The first full run looked promising on paper. Hundreds of tracks were enriched and there were no API errors. But opening the export XML showed something was clearly wrong: every Label field was still blank.

The report confirmed it. Year and album were being updated, but not label. That pointed to the real issue: Discogs, the source expected to do most of the heavy lifting for underground electronic music, was not actually contributing anything.

The problem was a bad query filter. Discogs had been given a literal format string that matched nothing, so every lookup silently returned zero results. One line fixed it. With the format restriction removed, Discogs immediately began returning useful label data.

The architecture was sound, but one bad assumption had effectively disabled the most important source for this library. The failure was completely invisible. The pipeline ran cleanly, the numbers looked reasonable, and everything appeared to be working. The export was the only signal.

Phase 2: Making confidence visible

With label data flowing, the next question was how to expose uncertainty safely. Leaving everything quietly applied at the same apparent confidence level was not good enough. The library needed to distinguish between results worth trusting and results worth checking.

The answer was to surface confidence inside Rekordbox itself using the Colour field. High-confidence results could be accepted immediately. Lower-confidence results were still applied but now stood out clearly for manual review. Colour confidence moved from optional to default.

The heuristic layer for tracks unlikely to be in any public database also landed here. Bootlegs and white labels got meaningful fallback values instead of staying blank, and were marked red. Better to have plausible metadata flagged as uncertain than empty fields that contribute nothing to downstream tools.

Phase 3: Better queries, fewer misses

With the main bug fixed and confidence made visible, the remaining challenge was recall. The unresolved list showed clear patterns.

Multi-artist entries were being queried too literally
Mix designators and feature credits were polluting titles
BPM or key fragments had leaked into some track names
Catalogue numbers were embedded in track titles
Built-in Rekordbox demo tracks were being sent to live APIs

Improving artist and title normalisation recovered a significant number of previously missed tracks. Primary artist fallback, stripping feature credits, removing mix markers, cleaning trailing metadata and excluding demo content all pushed the enrichment rate higher.

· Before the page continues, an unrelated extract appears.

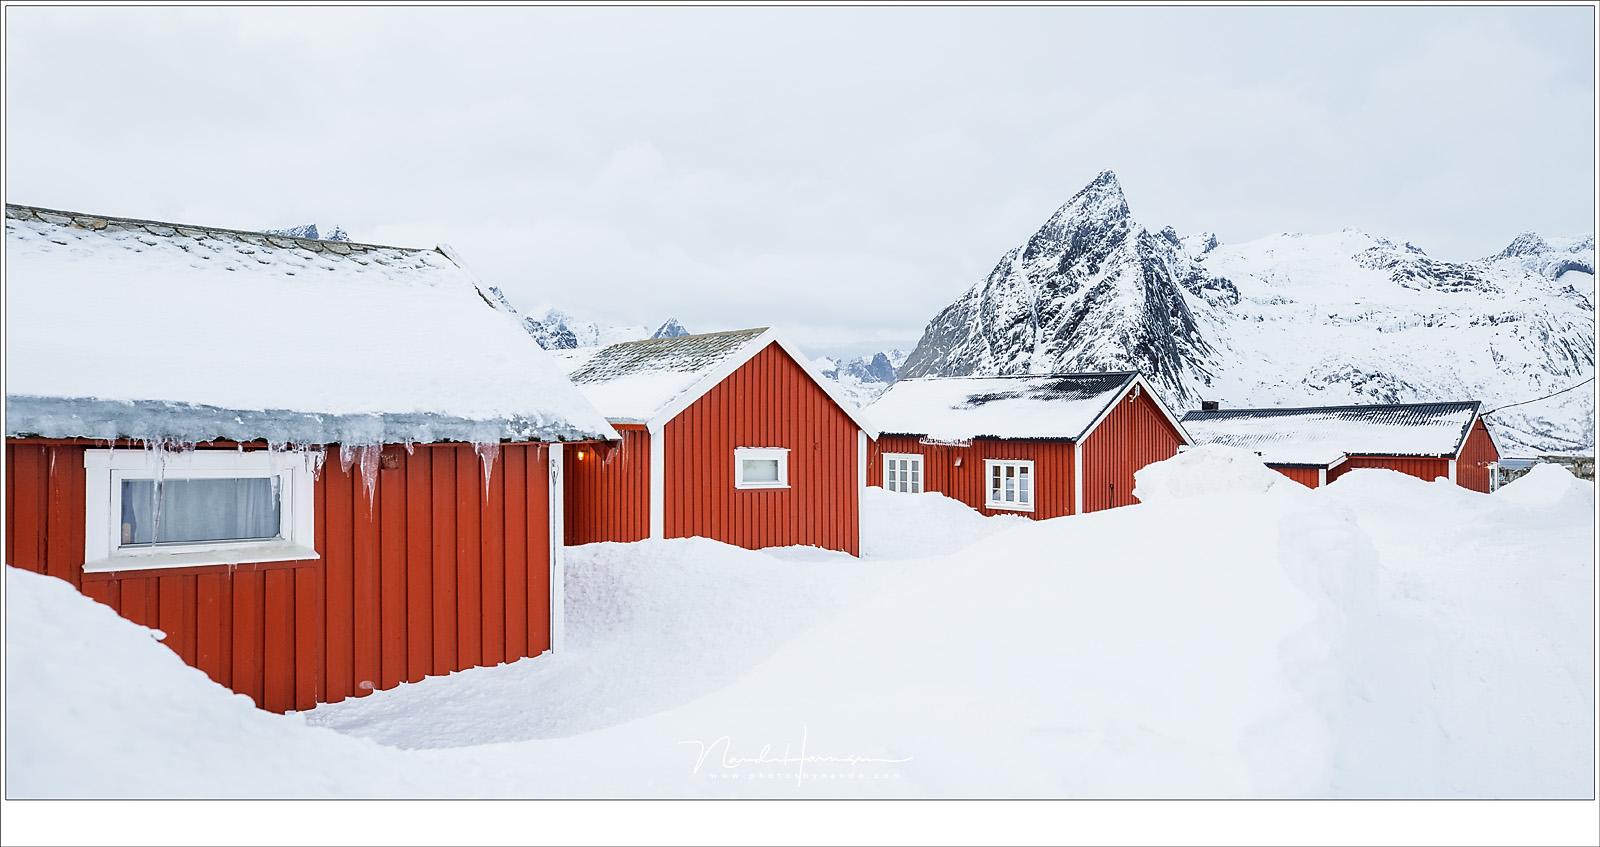 De rorbuer van Hamnøy met Olstinden op de achtergrond
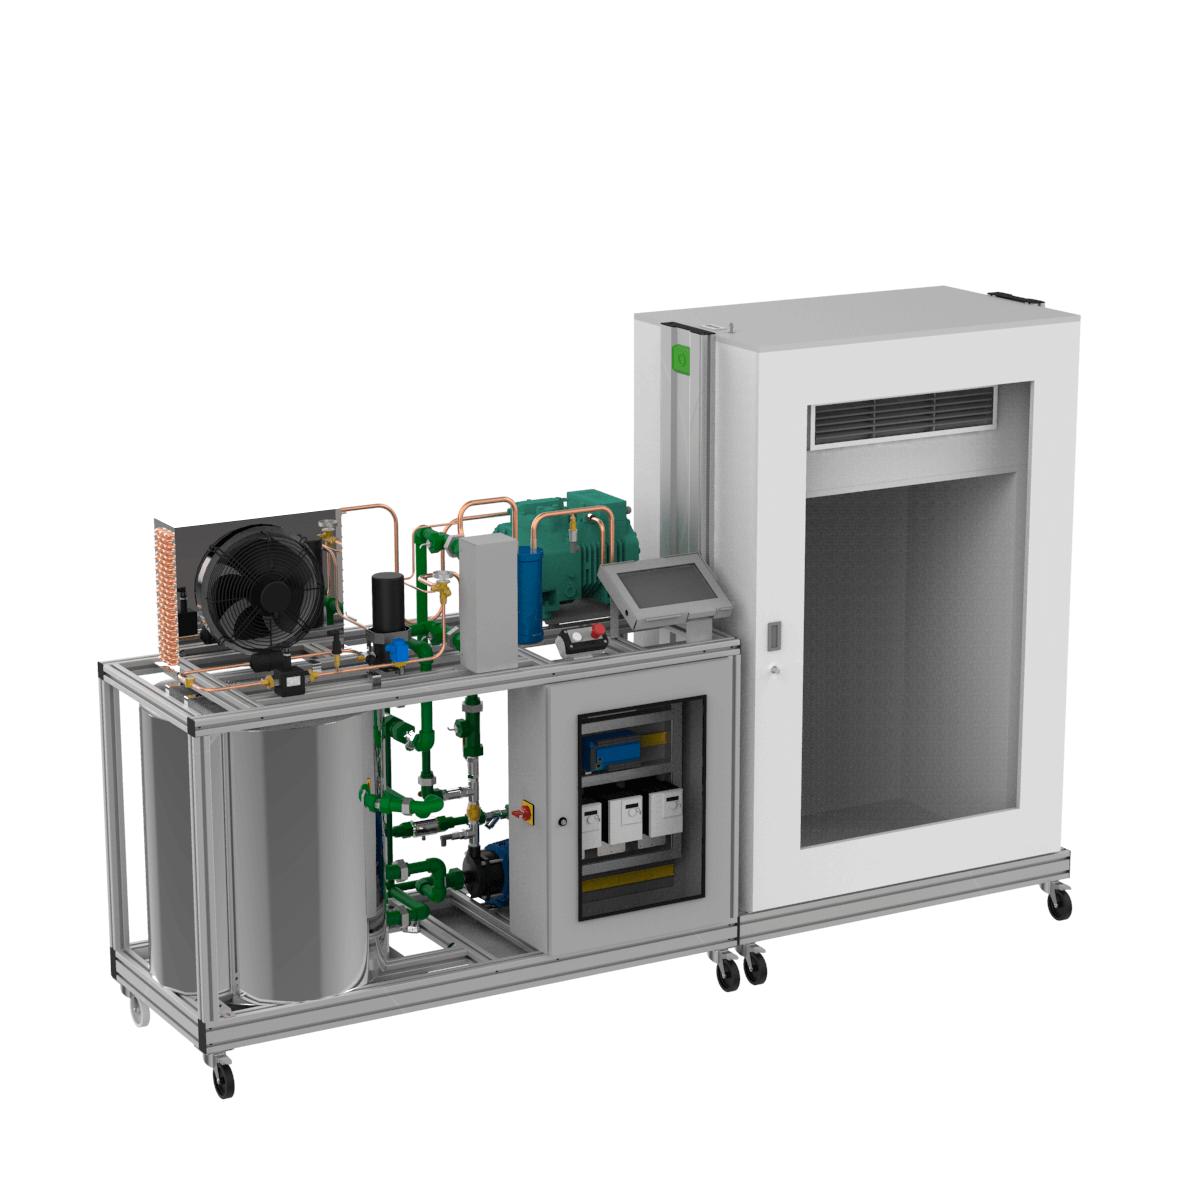 lab-de-refrigeracao-industrial-bancada-didatica-de-termoacumulacao-auttom-1

The most useful improvement, though, was not a query tweak. It was turning unresolved tracks into a first-class output. Instead of burying them in a text report, the tool now exports playlists that let unresolved tracks be reviewed directly inside Rekordbox. That made the process far easier to inspect and act on.

Results

Each run built on the last. The five-run progression shows the effect of each improvement directly in the enrichment numbers.

Run	Enriched	No Match	Change
1: Discogs effectively disabled	436	801	Baseline
2: Discogs fixed	506	613	+70 enriched
3: Colour confidence + heuristics	655	628	+149 enriched
4: Query improvements	715	535	+60 enriched
5: Additional normalisation fixes	876	354	+161 enriched

A few headline numbers from the latest run:

2,354 tracks processed, excluding SoundCloud entries and Rekordbox demo tracks
876 tracks enriched
354 unresolved
Around 65 LLM calls per full run
Zero API errors across all runs
Around 90 minutes for a cold run, near-instant when the cache is warm

The enrichment rate is not perfect, but that is part of the point. The tool is designed to prefer trustworthy results over aggressive guesswork. A track that remains unenriched is better than a track with silently wrong metadata. The unresolved playlist makes the gaps visible and actionable.

Why the LLM Is There At All

This is not an AI-first tool. It is a metadata pipeline built on deterministic sources.

MusicBrainz and Discogs do the real work. The LLM is used only when multiple plausible candidates remain and a lightweight reasoning step can help decide between them. That keeps the process grounded, cost-aware and explainable. Around 65 LLM calls per cold run across 2,354 tracks is a small fraction of total lookups, and most of those are genuinely ambiguous cases where a human would have to make the same judgement call.

This also follows the same pattern used elsewhere in the ecosystem: a provider cascade with lower-cost models for first-pass work, stronger models held back for the smaller number of cases where deeper reasoning genuinely adds value. If the LLM cannot make a confident decision between candidates, the track is left unenriched rather than guessed at.

In Practice

The measure of an enrichment pipeline is not the enrichment rate. It is what downstream tools do with the data.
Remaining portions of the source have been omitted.